Another, Danielle McLoughlin, added: "No nurse has taken this decision lightly, it's one of the hardest decisions I've ever made. Patient safety is being put at risk because of a lack of nursing staff because of poor pay. It's difficult for people to come into work and feel like they can't do enough."
While some will want to paint the unprecedented action as nurses being unreasonable in the pursuit of pay rises, every single person our team spoke to on picket lines across the city said the key issue for them is patient safety.
Speaking at the Alder Hey picket line, specialist practitioner Adrian Williams said: "Pay is one thing, but staffing is another reason why we are out today. With the changes that have happened over the years, we decided it was time we did something.
"Departments are so stretched. We're seeing people go off all the time and it's not down to sickness. A&E figures are constantly going up which swamps the system."

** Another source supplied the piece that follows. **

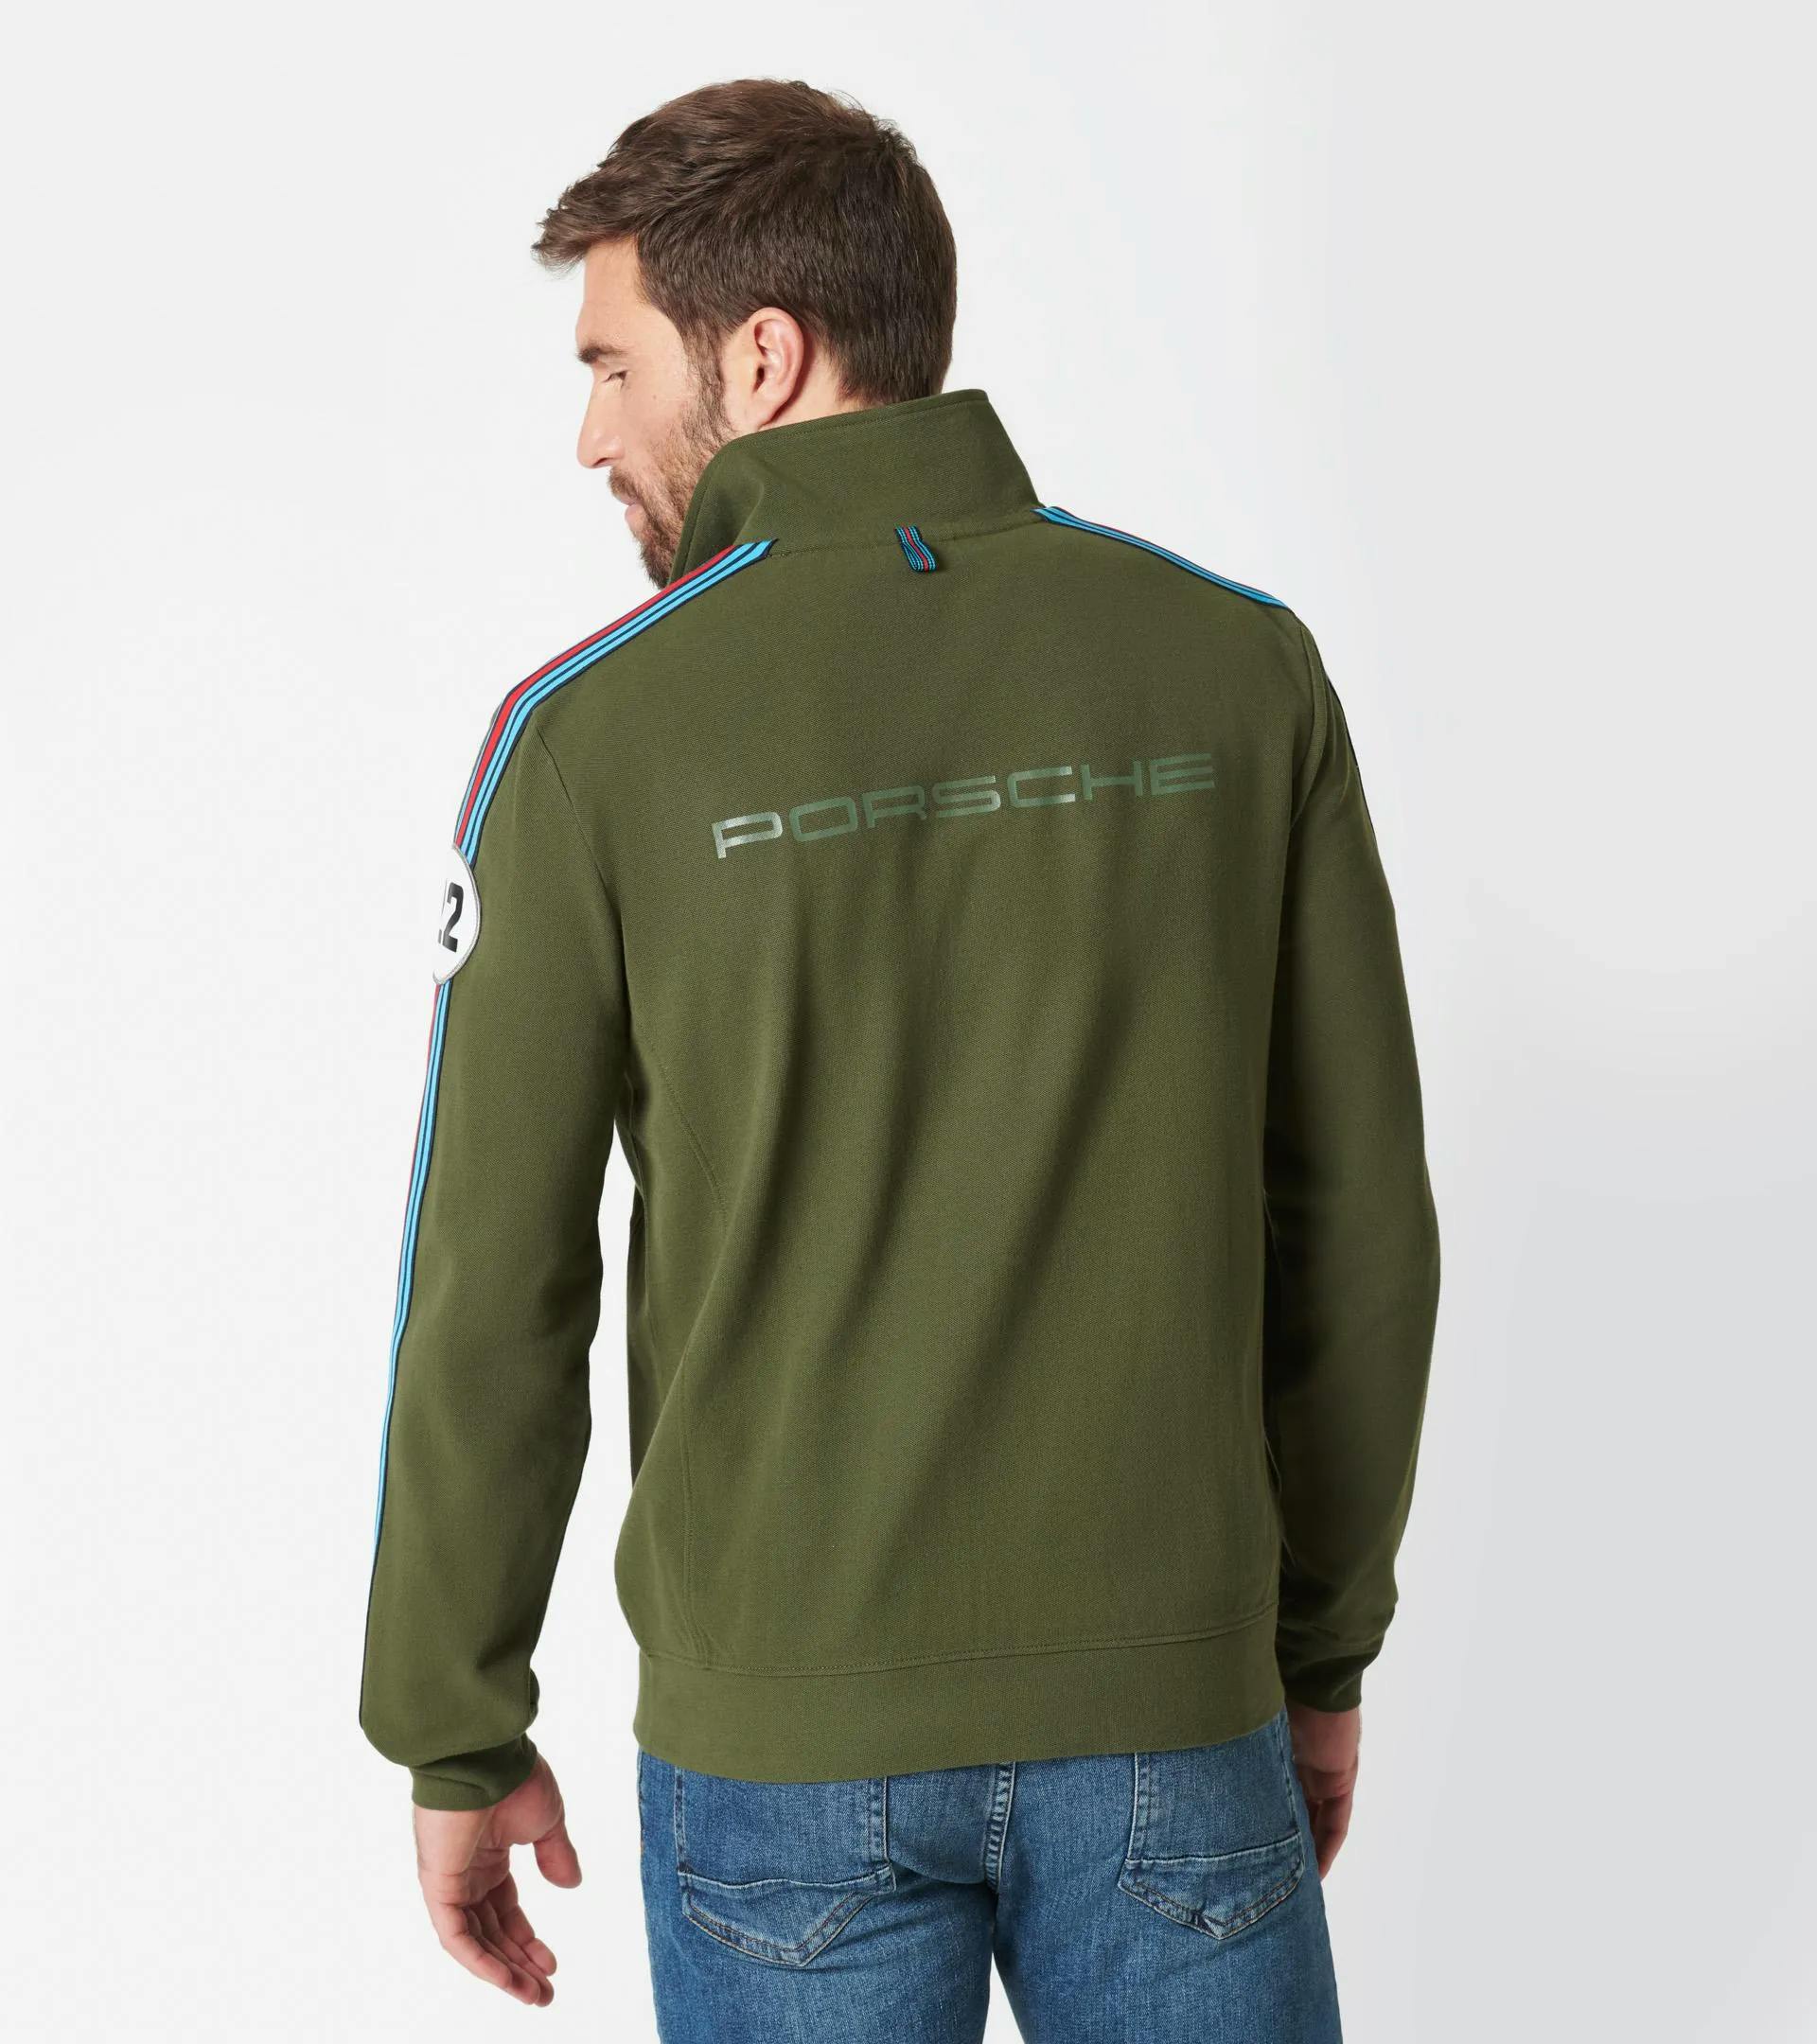 Zip-up sweatshirt jacket – MARTINI RACING® 4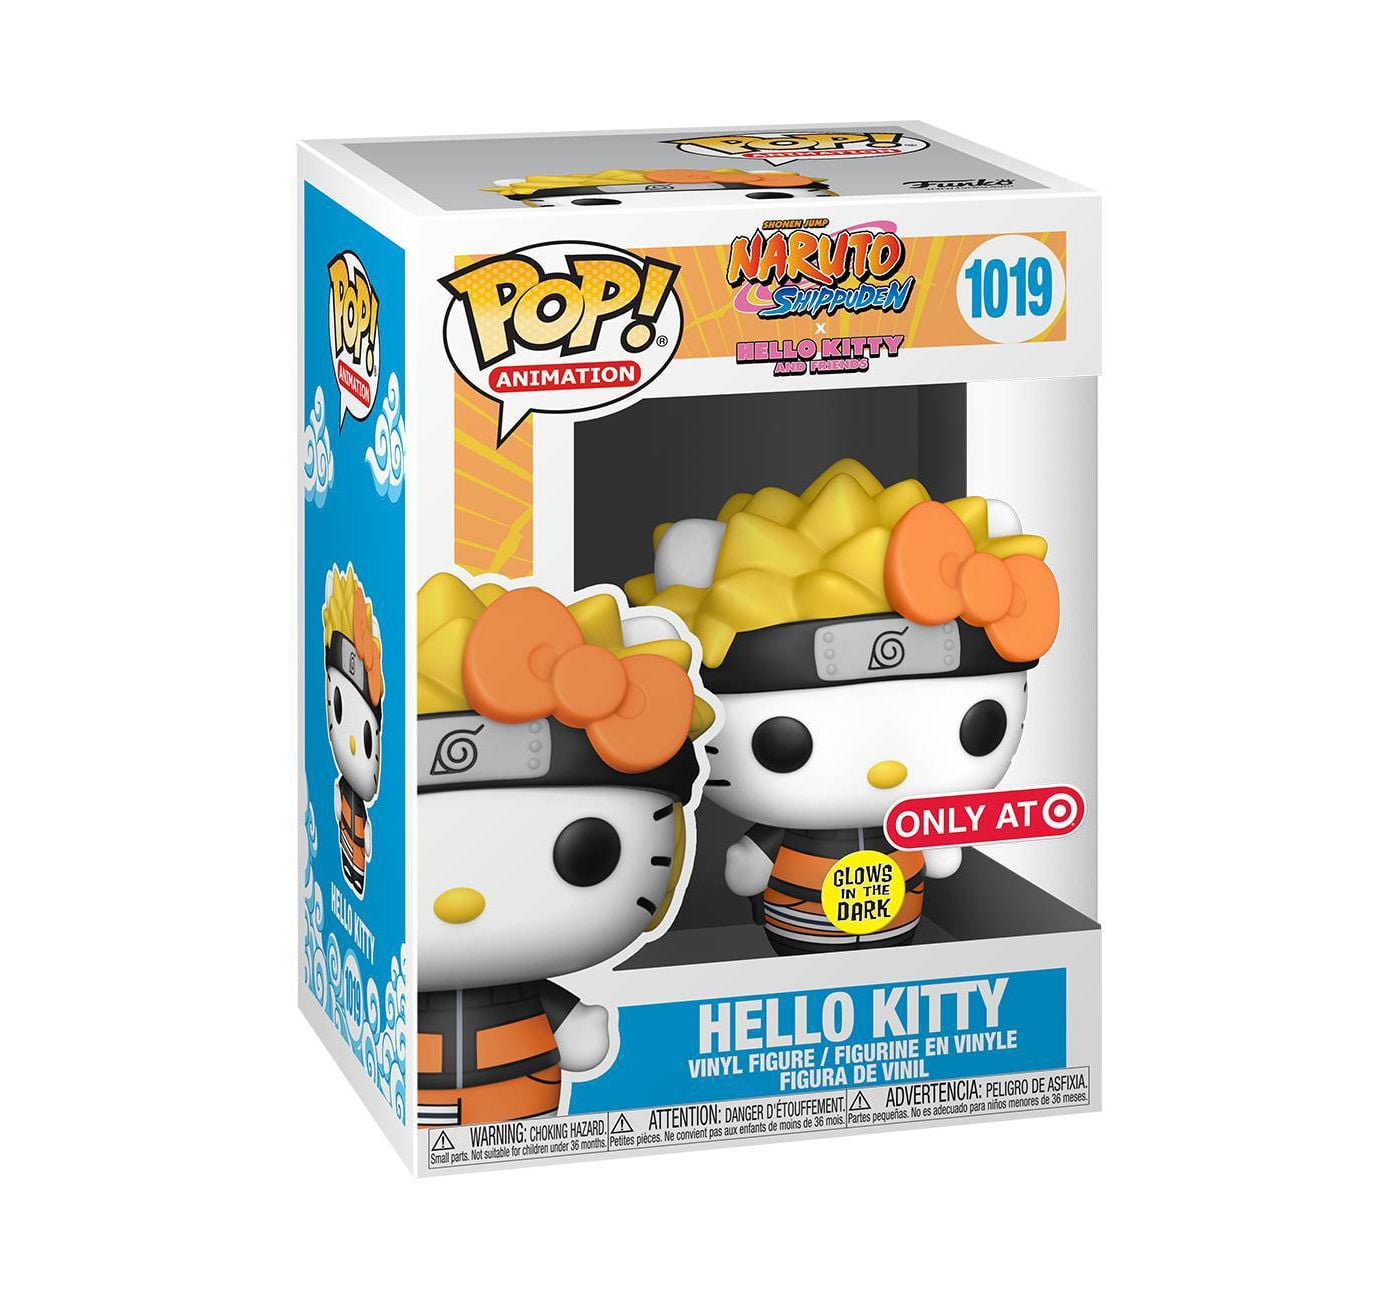 Hello Kitty Poster - Hug - NerdKungFu

When nurses talk about pay, yes they are talking about their own circumstances and the fact many of them cannot get by, with foodbanks based at a quarter of hospitals across the country now. But the pay issue goes beyond that - it is equally about encouraging people to come into the profession rather than leave it.
Sue Middleton, a nurse of 23 years, said: "Staffing is how I’ve seen the NHS change - we can’t recruit. We know people need jobs but we can't recruit nurses because the profession changed after bursaries were taken away.
"We don’t go into it to be wealthy - it’s a vocation. Nurses are coming out of university and are starting a low paid job with 40 grand of debt.
“The claps for the NHS were nice at the time but now it feels like that never even happened.”
This is what nurses were thinking when they made that unenviable decision to walk out from their wards on Thursday and it is what will be at the forefront of their minds as they do so again on Tuesday.